### EXERCISE
Strip out the pictures and output each remaining line of the data word for word.

### DATA EXTRACT
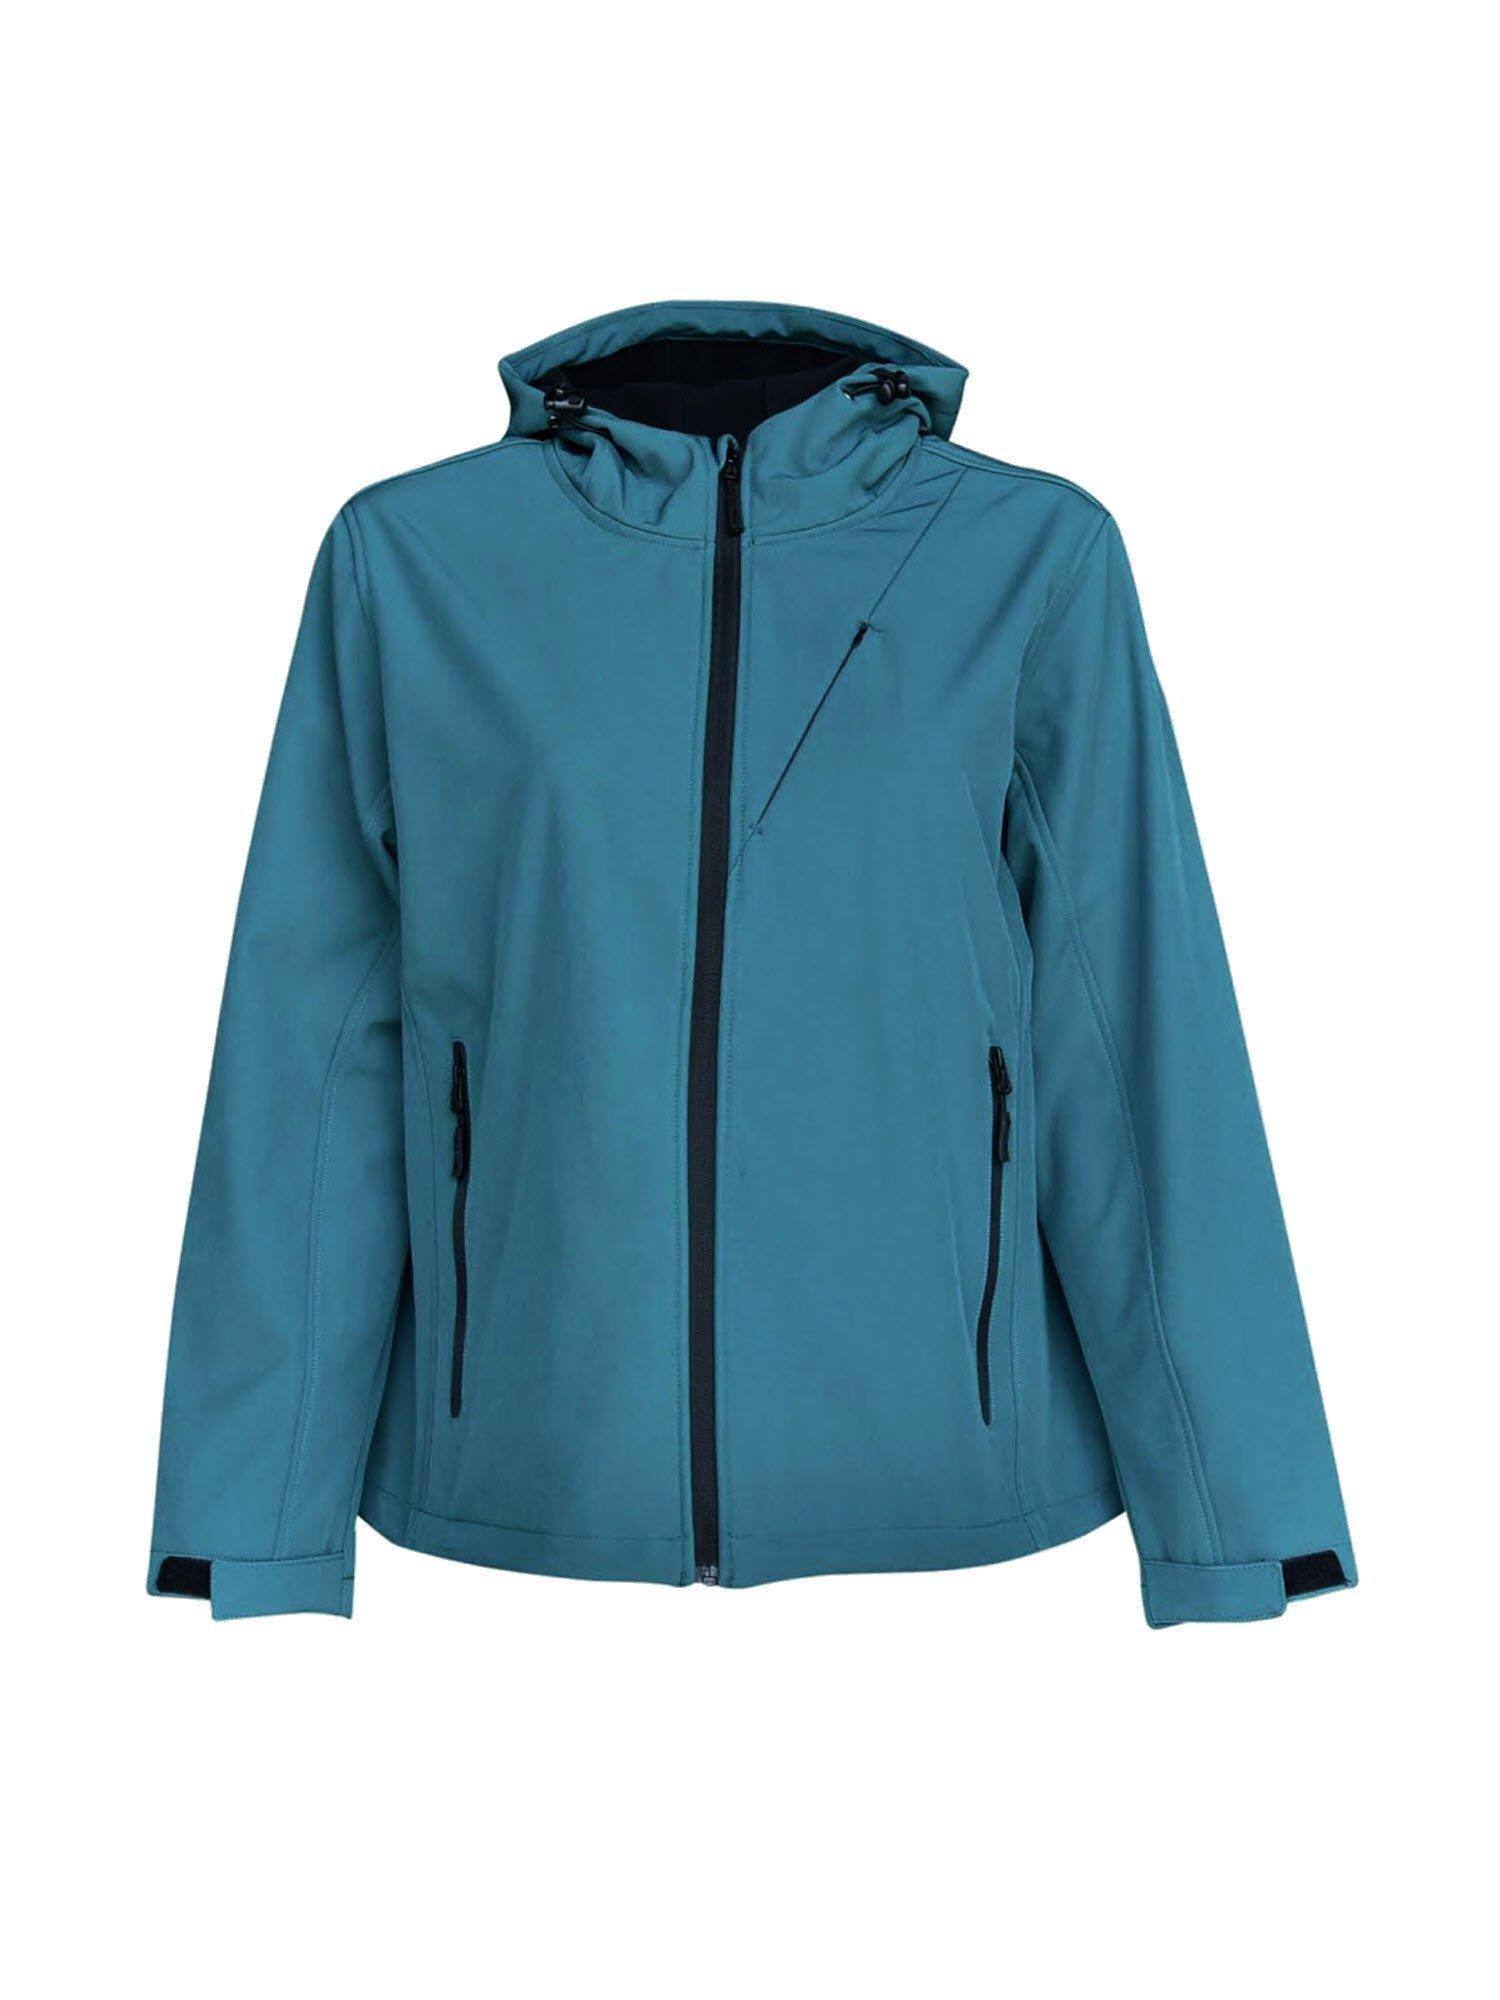 Pulse Women's Plus Size Hooded Soft Shell Jacket 1X-6X
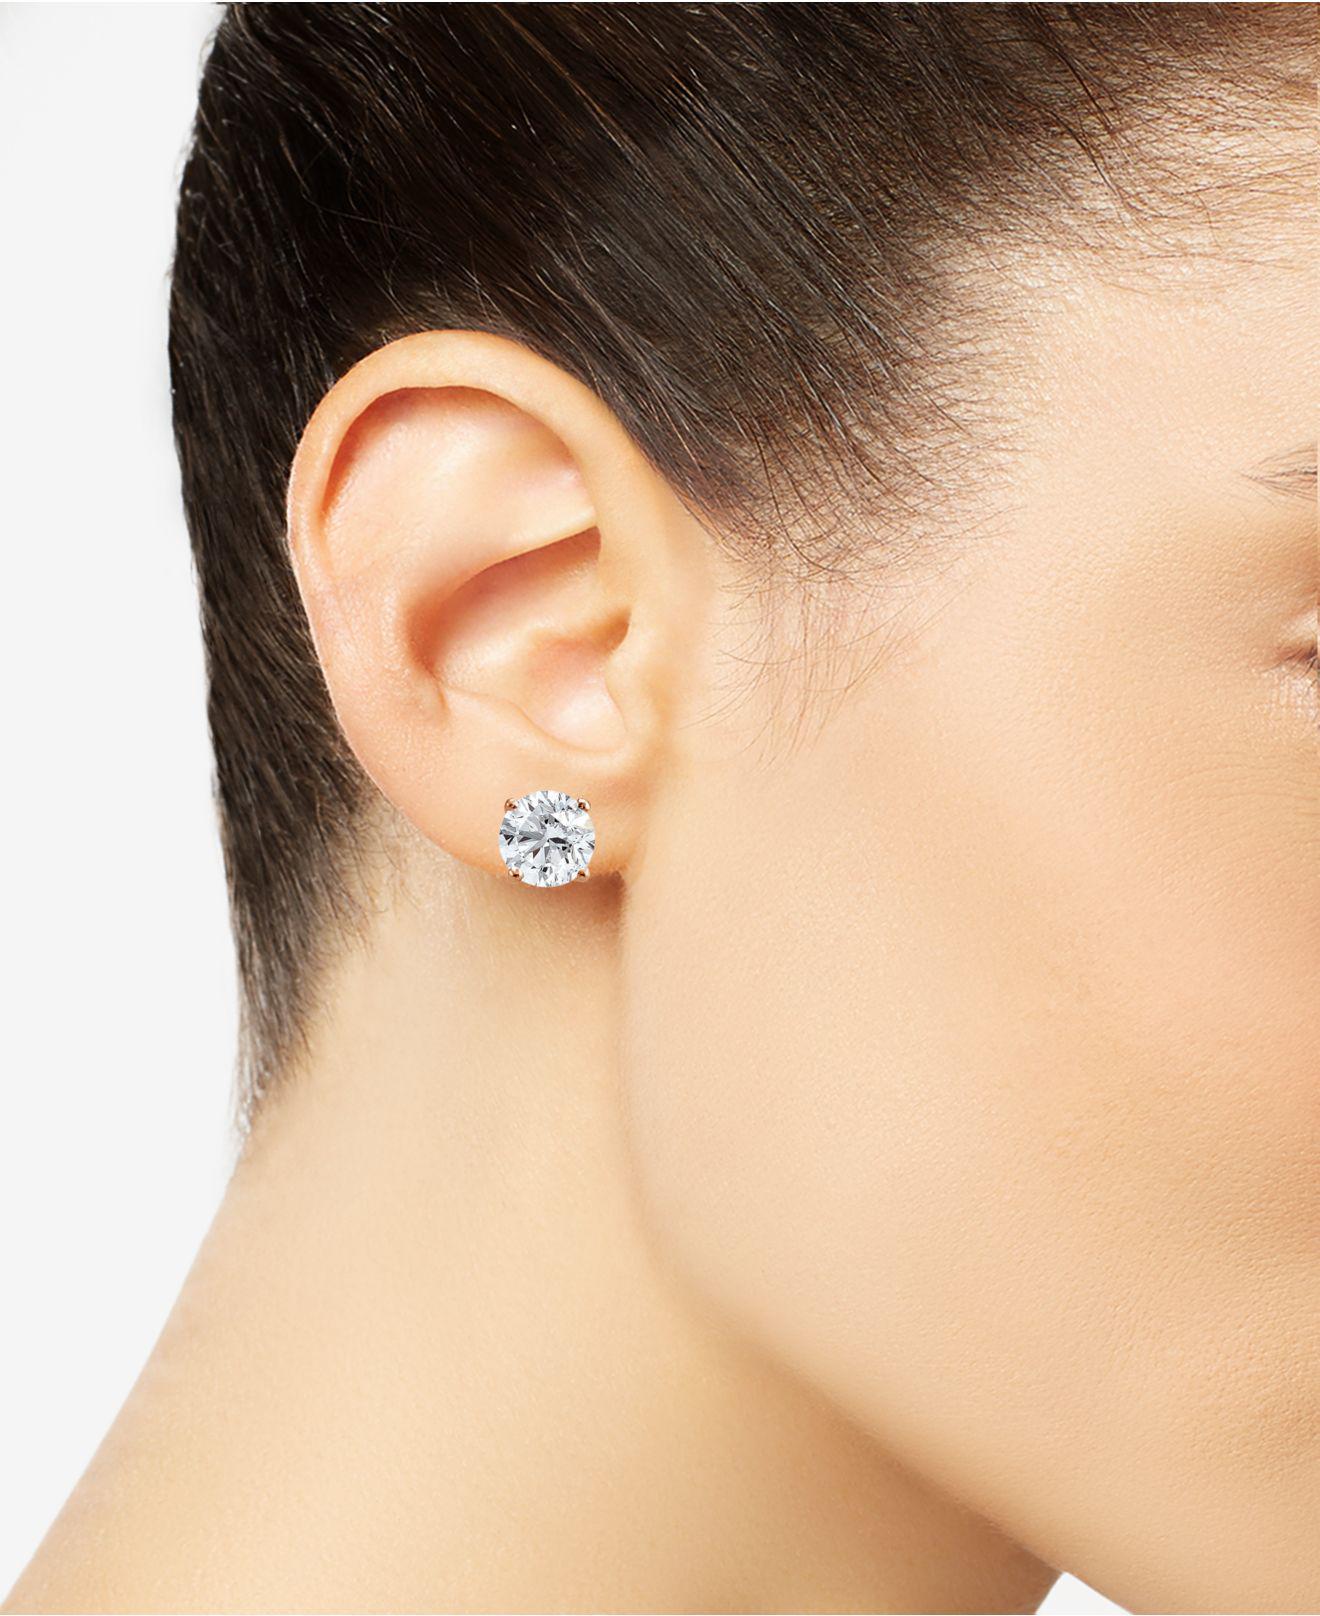 326854449 Lyst - Giani Bernini Cubic Zirconia Stud Earrings In 18k Rose Gold-plated  Sterling Silver in Metallic
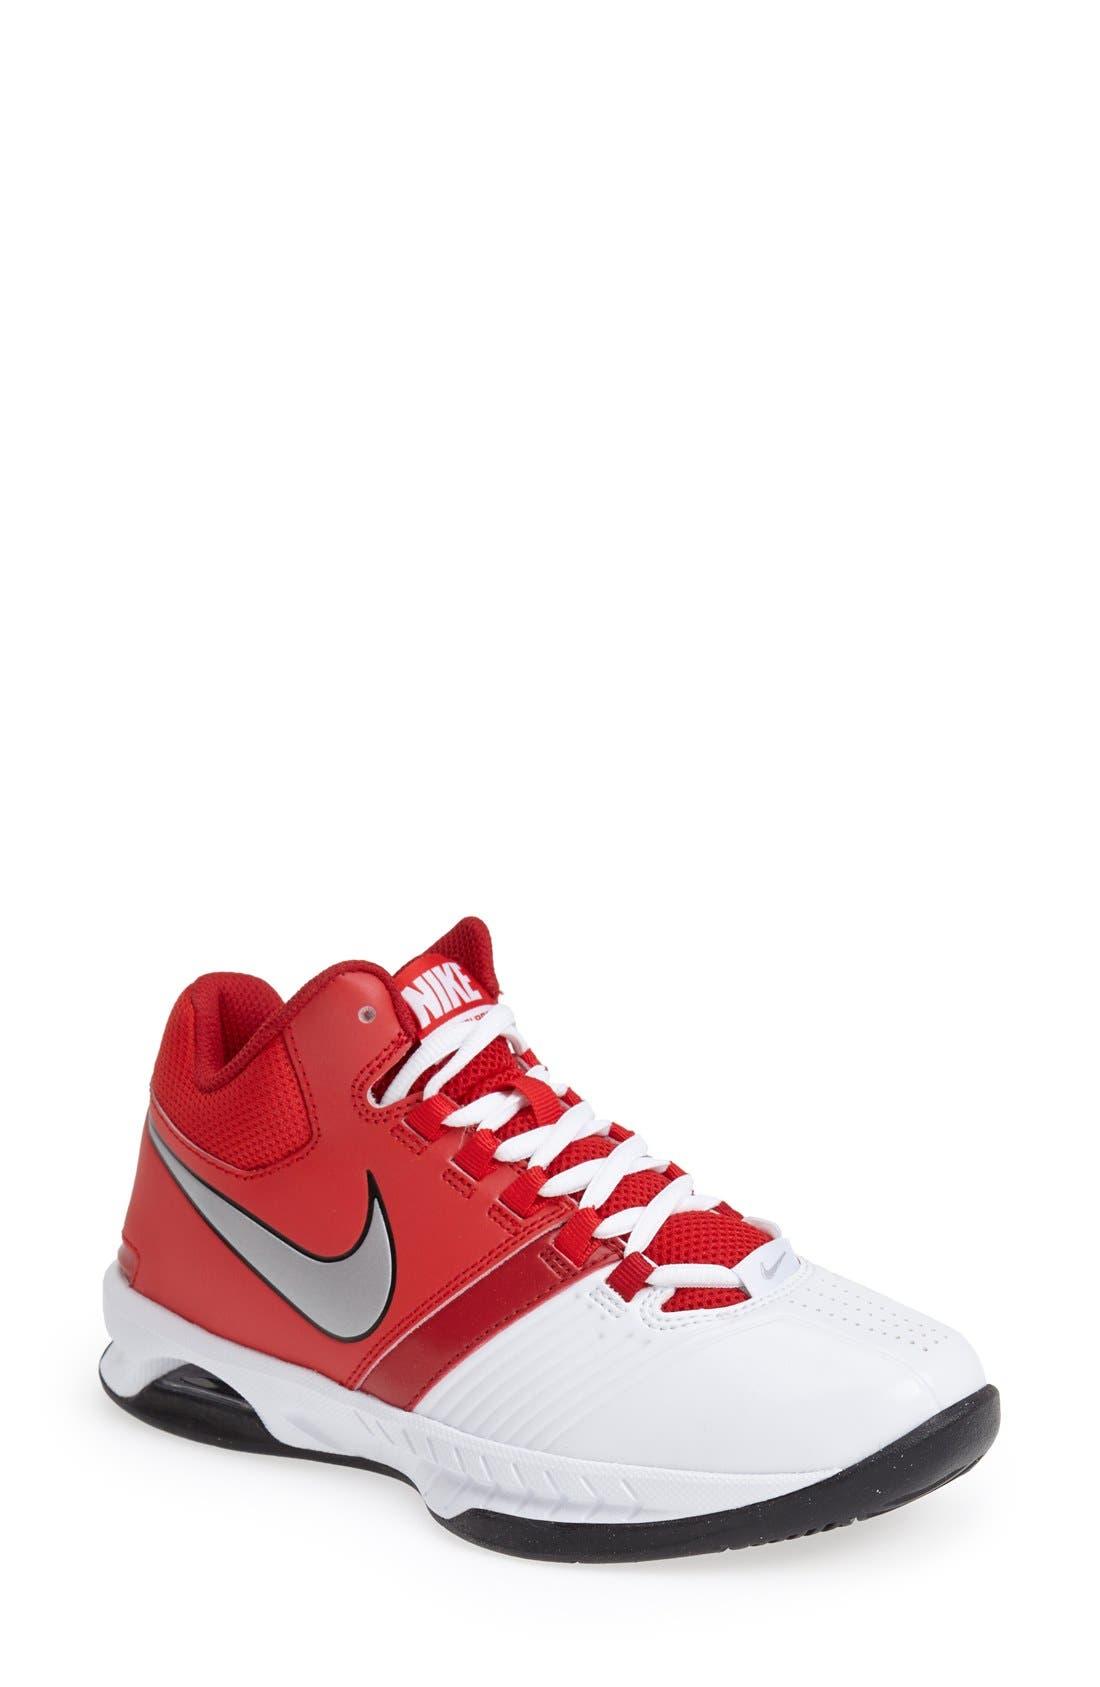 Main Image - Nike 'Air Visi Pro V' Basketball Shoe (Women)

### RESPONSE BELOW
 Pulse Women's Plus Size Hooded Soft Shell Jacket 1X-6X
 326854449 Lyst - Giani Bernini Cubic Zirconia Stud Earrings In 18k Rose Gold-plated  Sterling Silver in Metallic
 Main Image - Nike 'Air Visi Pro V' Basketball Shoe (Women)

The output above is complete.